■ Record extracts
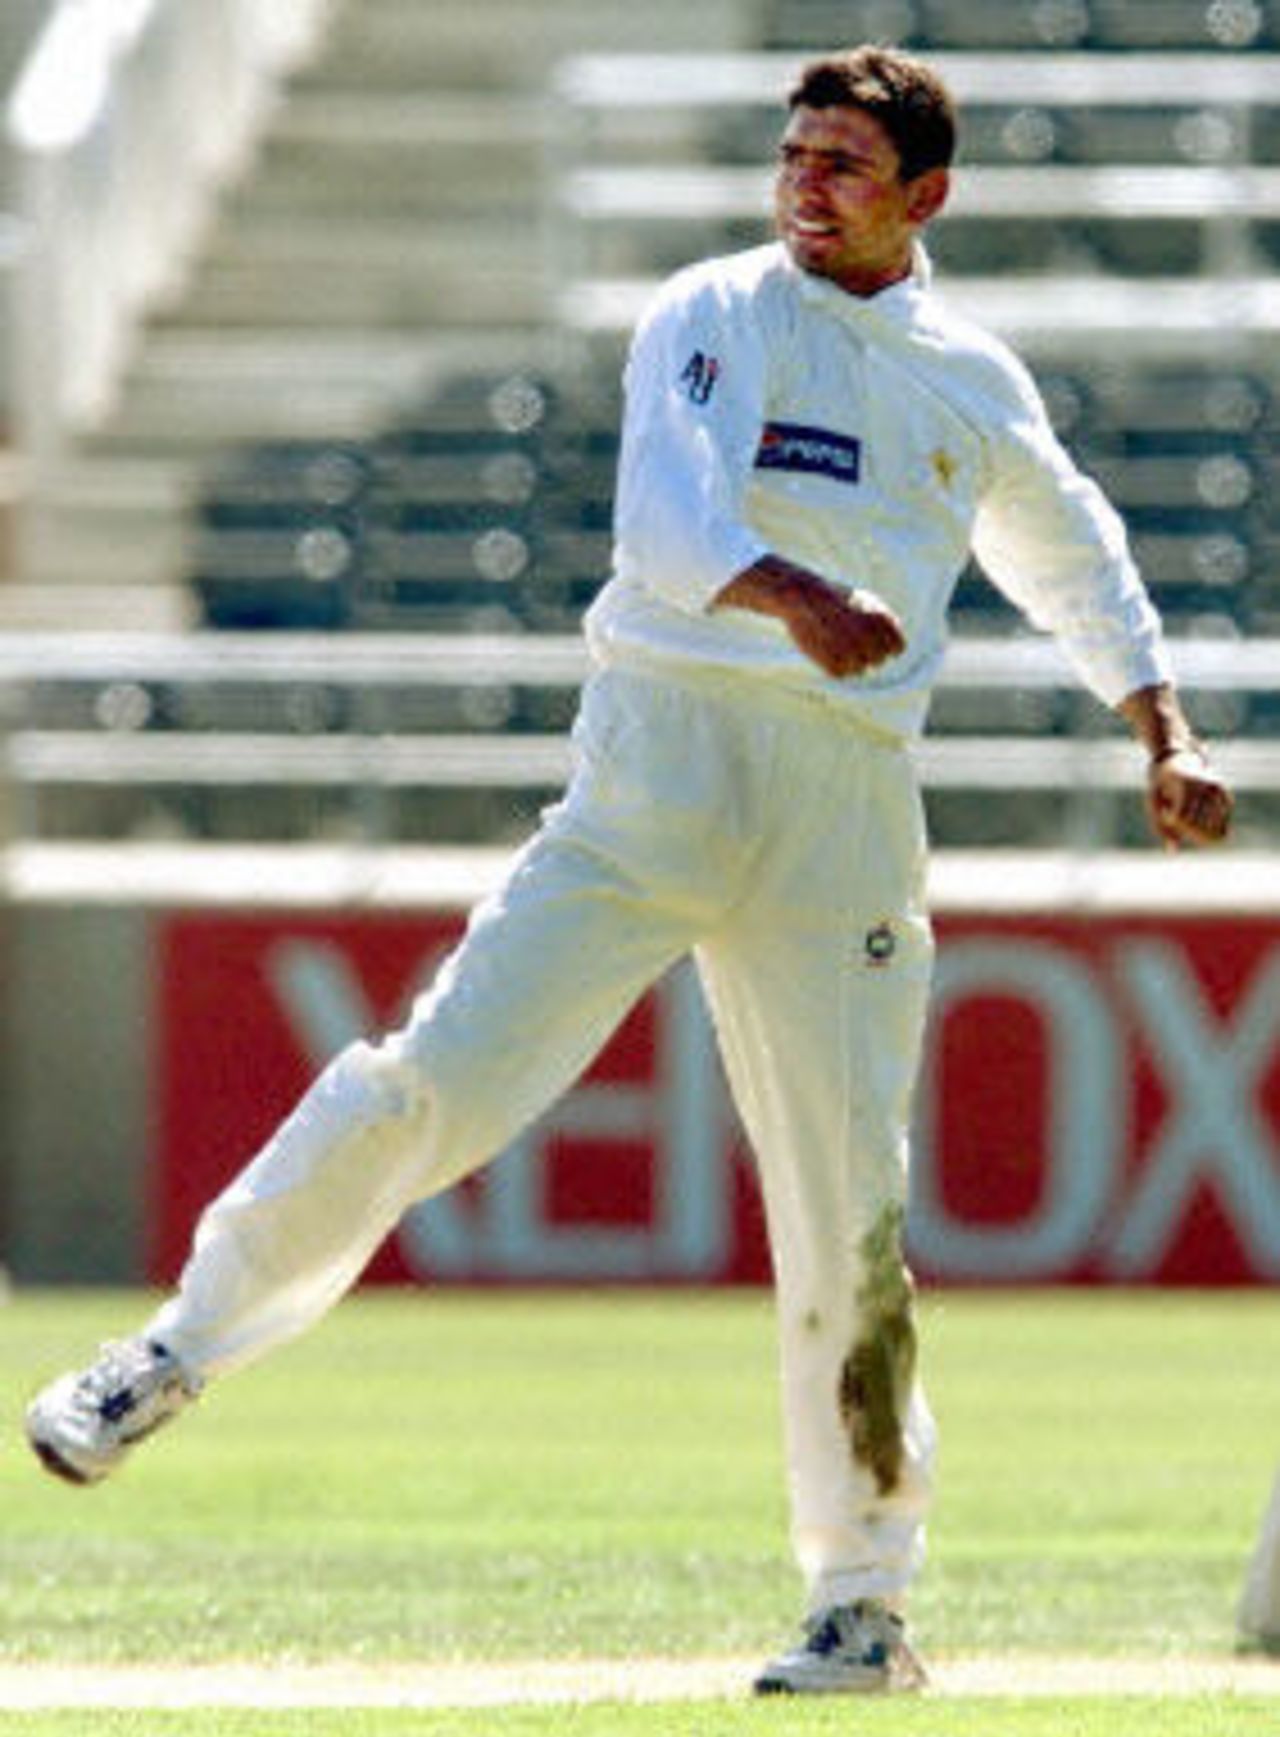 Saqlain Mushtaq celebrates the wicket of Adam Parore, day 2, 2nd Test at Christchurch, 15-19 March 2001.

==

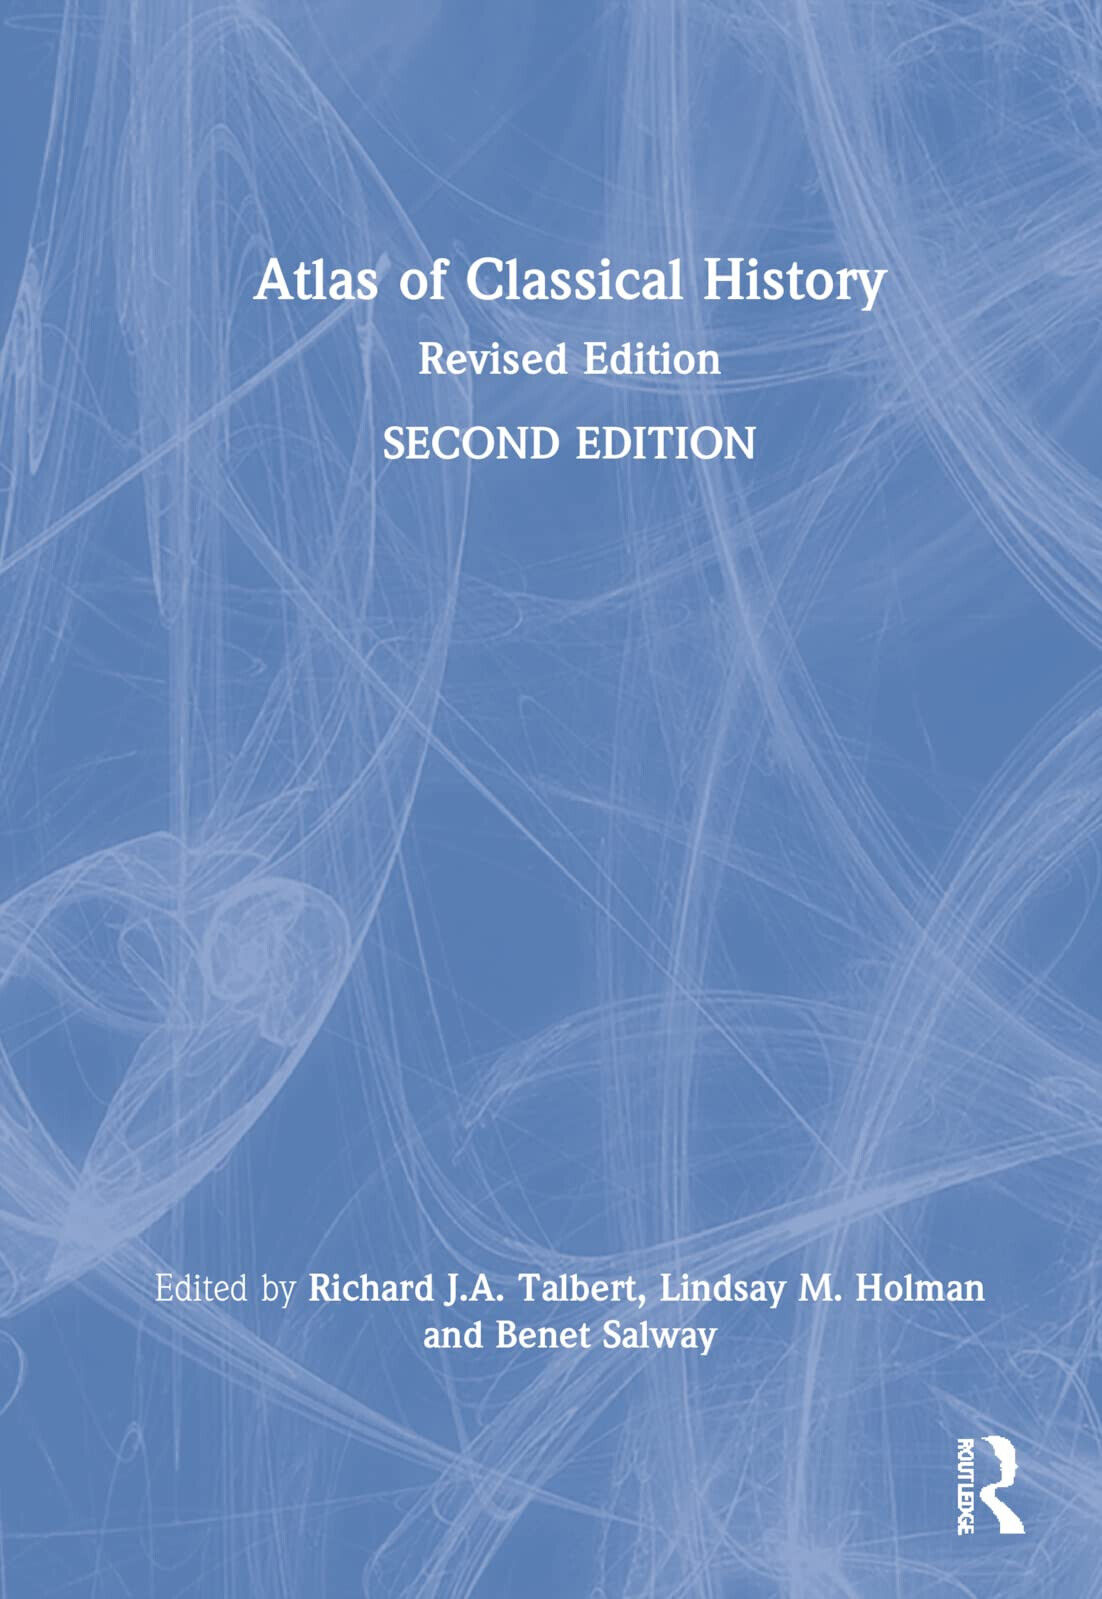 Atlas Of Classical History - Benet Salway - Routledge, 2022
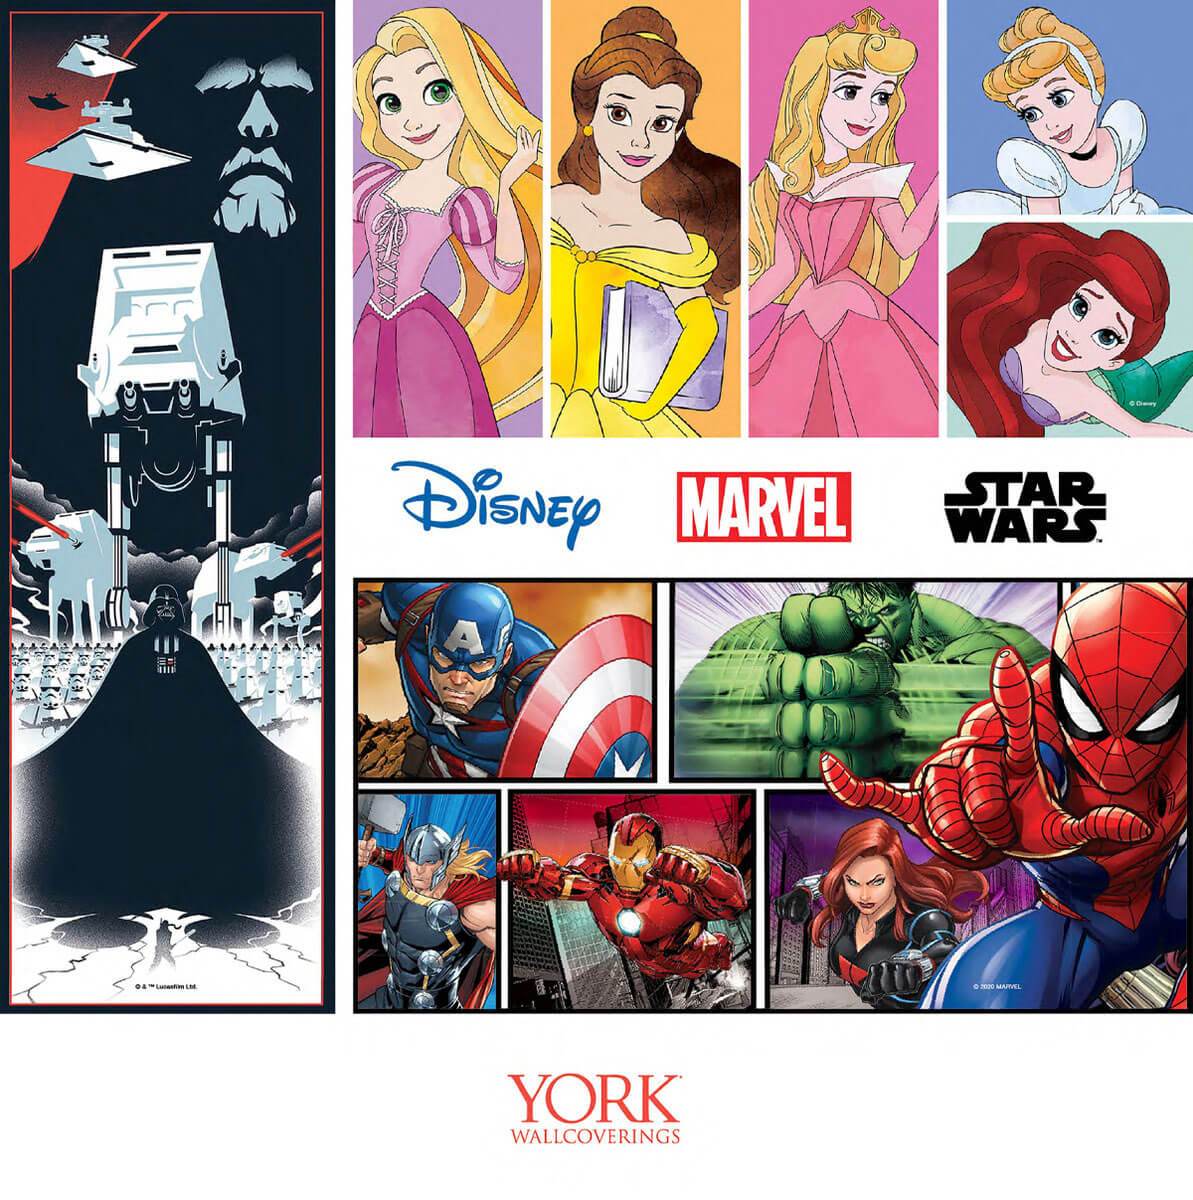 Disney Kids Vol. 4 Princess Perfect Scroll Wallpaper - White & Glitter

--

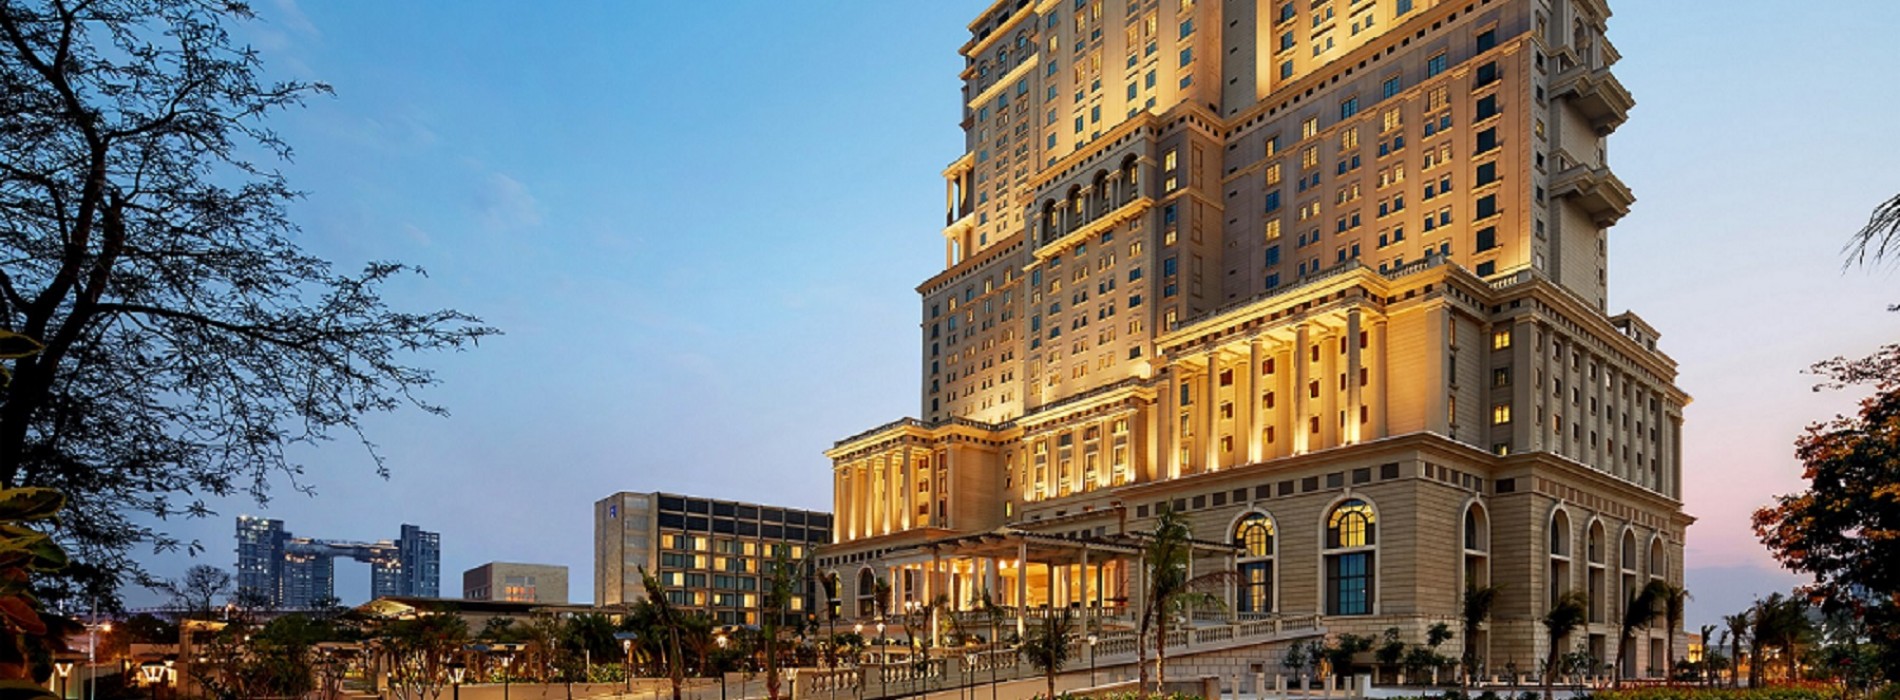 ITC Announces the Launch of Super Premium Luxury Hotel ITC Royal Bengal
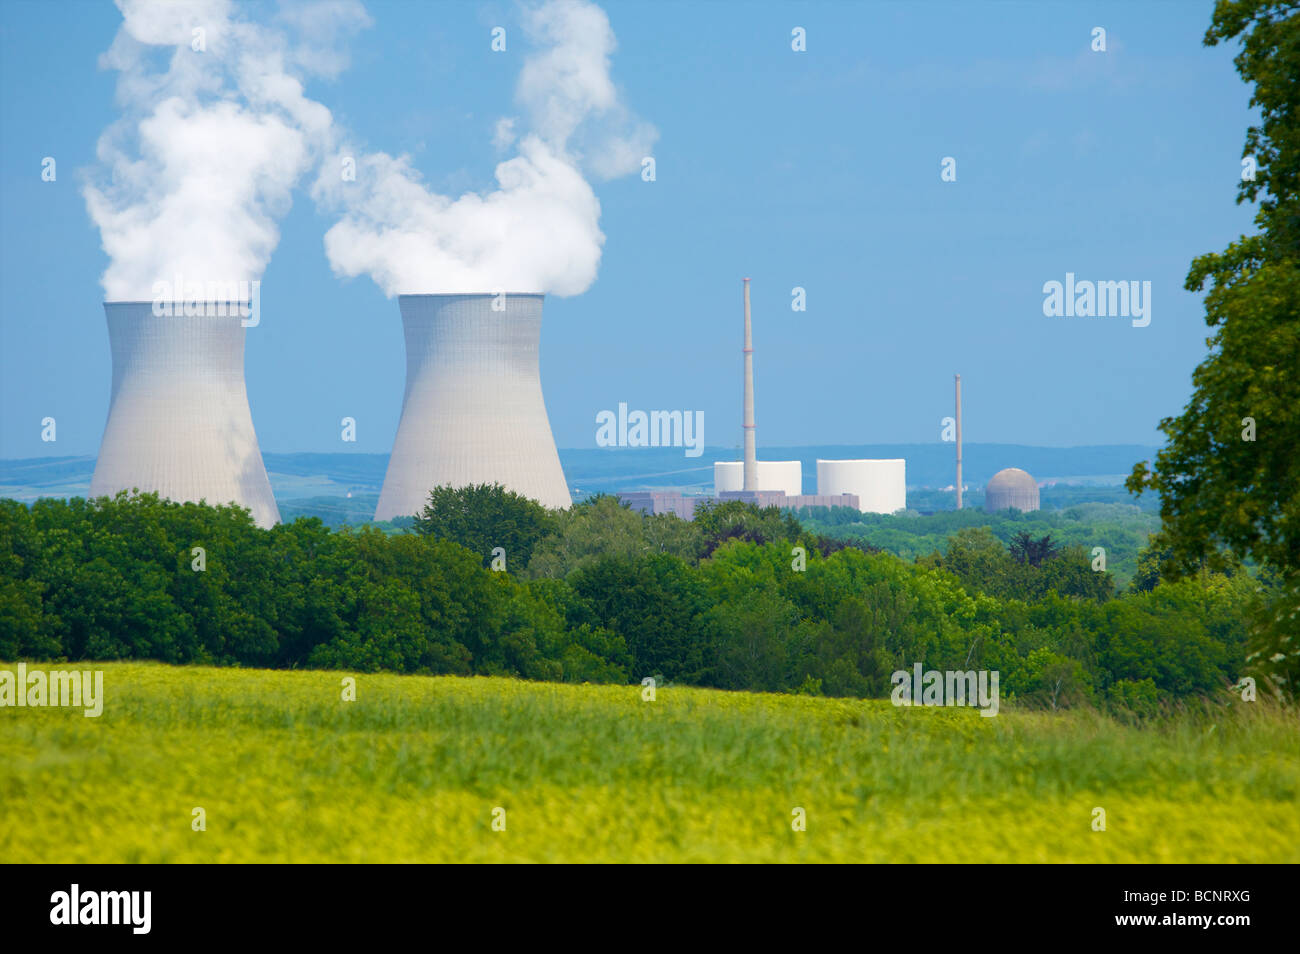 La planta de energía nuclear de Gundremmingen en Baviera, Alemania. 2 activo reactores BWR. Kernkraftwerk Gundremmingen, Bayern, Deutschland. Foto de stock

■ Work request
Write out the lines above from the one with "ITC Announces the" through the one with "La planta de", ends included, exactly; no picture goes in.

■ Response to the task
 ITC Announces the Launch of Super Premium Luxury Hotel ITC Royal Bengal
 La planta de energía nuclear de Gundremmingen en Baviera, Alemania. 2 activo reactores BWR. Kernkraftwerk Gundremmingen, Bayern, Deutschland. Foto de stock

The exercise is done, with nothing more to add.